Oscar madness means more classics

Critic's choices: Television, Theater

March 12, 2000|By Chris Kaltenbach

Once again this year, cable's Turner Classic Movies is devoting its March schedule to Oscar-winning and Oscar-nominated films. Sometimes, that's not a good thing -- for God's sake, how many more times can you watch "Ben-Hur?"

But examine the schedule closely, and there are some unexpected gems to be found. This year, TCM's added a twist: each film is somehow related to the next, sharing a common actor, director or writer. Trying to figure out how the films are connected can become something of a parlor game, so give it a try.

Here are a few of this week's more noteworthy offerings:

* Judy Garland stars in director George Cukor's 1950 remake of "A Star Is Born" (7:30 a.m. Monday). It's one of the strongest performances of Garland's career. James Mason also shines as the hard-drinking, hard-falling Norman Maine.

* Fred Astaire, Ginger Rogers, Delores Del Rio and some notoriously over-the-top dance numbers make 1933's "Flying Down to Rio" (6 p.m. Tuesday) a must-see. Long-time Oscar fans are still cringing at the memory of Teri Garr parodying the infamous chorines-strapped-to-airplane-wings number to open the 1986 ceremonies.

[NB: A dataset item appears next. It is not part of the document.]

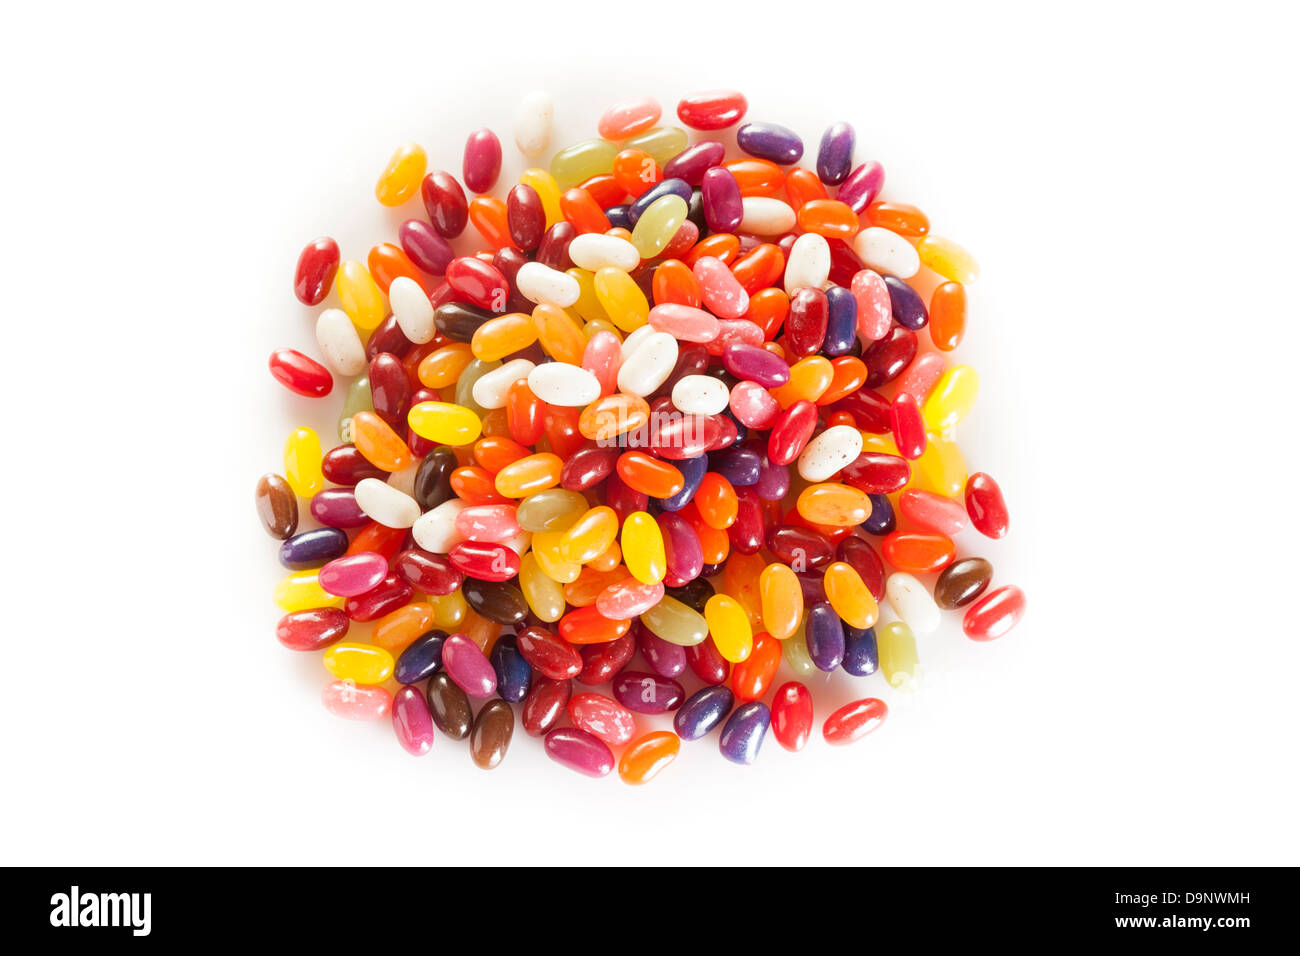 Bunt gemischte fruchtige Jelly Beans auf einem Hintergrund Stockfoto

* For a backstage look at show business life that's nearly on a par with the revered "All About Eve," don't miss Katherine Hepburn, Ginger Rogers, Lucille Ball and Eve Arden in 1937's "Stage Door" (11:15 a.m. Wednesday).

* Since Warren Beatty is getting a special Oscar nod this year, check out "Splendor in the Grass" (10 p.m. Thursday), director Elia Kazan's 1961 look at sexual repression and teen-age lust. Beatty, in his first movie role, stars alongside the luminous Natalie Wood, who was never better.

* John Garfield became a star with 1938's "Four Daughters" (4:30 p.m. Friday). He's the cynical, street-smart big-city refugee who adds some some necessary weight to this fluffy tale of four sisters all in love with the same boarder at their father's home.